Maybe, though it does invalidate memory safety guarantees. Another way to deal with it is to require something like `@trusted import` for such modules or to otherwise treat all `@safe` imports from that module as `@system`.

>>>> [...]
>>>
>>> The semantics of the edition of the callee apply.
> 
>> This might not work because annotations in a parameter list may require caller-side guarantees in order to be checked.
> 
> Maybe there will be changes we won't be able to make.
> 

Maybe, though I think one thing that will often work is to make such calls `@system`.

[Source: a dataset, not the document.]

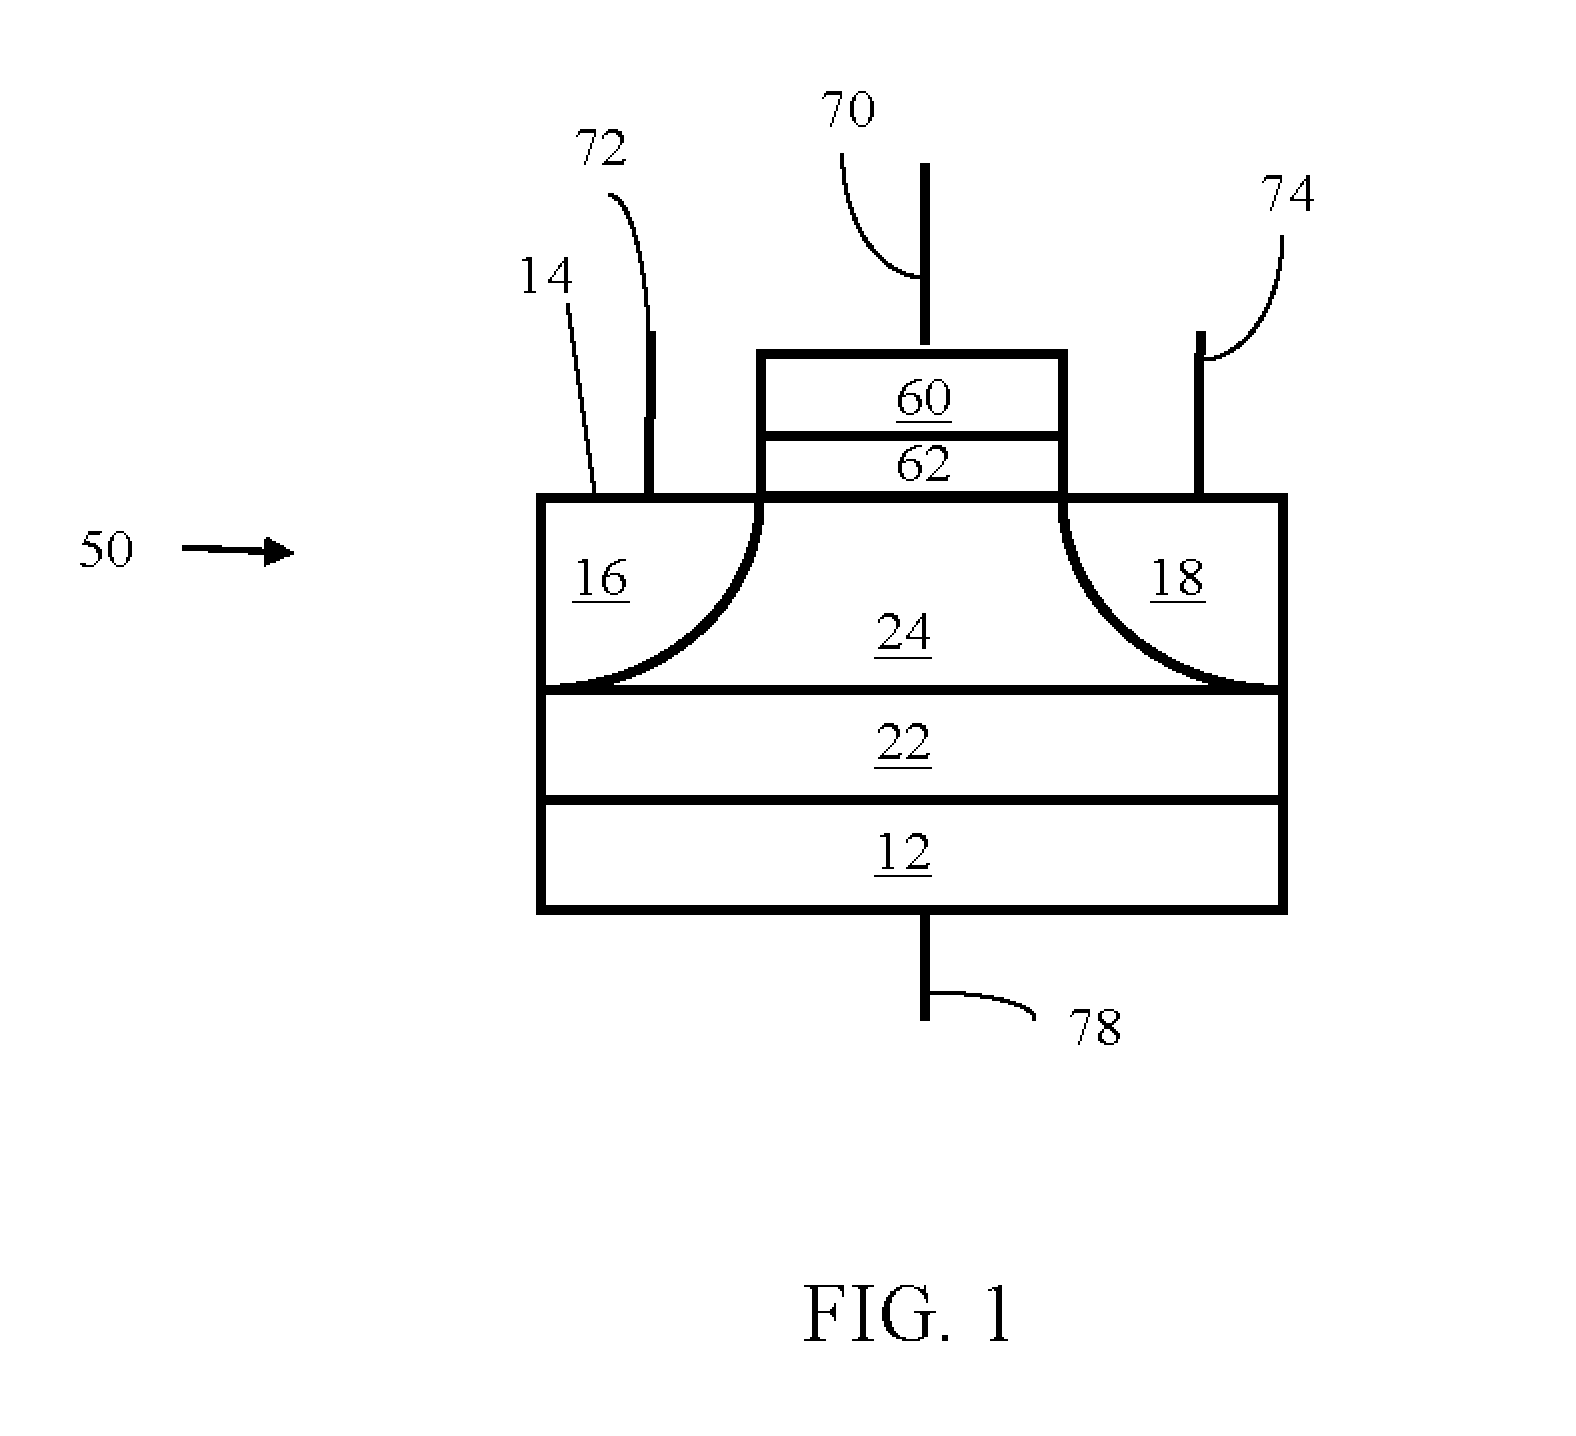 Compact semiconductor memory device having reduced number of contacts, methods of operating and methods of making

On Monday, 23 December 2024 at 16:05:20 UTC, Atila Neves wrote:
> On Friday, 20 December 2024 at 13:43:40 UTC, Paolo Invernizzi wrote:
>> On Thursday, 19 December 2024 at 16:52:35 UTC, Atila Neves wrote:
>>> On Thursday, 6 June 2024 at 15:47:50 UTC, Timon Gehr wrote:
>>
>>>> [...]
>>
>>> I think we will just have to live with this and encourage people to upgrade to the newer edition.
>>
>> So using a library from a previous edition *could* invalidate memory safety guarantees, and nothing can be done?
>>
>> This is (again) a marketing disaster ...
>
> I'm all ears as to what we could do instead.

Refuse to compile previous editions @safe functions, if a bug related to memory safety was applied in following revisions.

At least provide a compiler switch to turn on this behavior, so that it's crystal clear to the programmer that's dealing with them.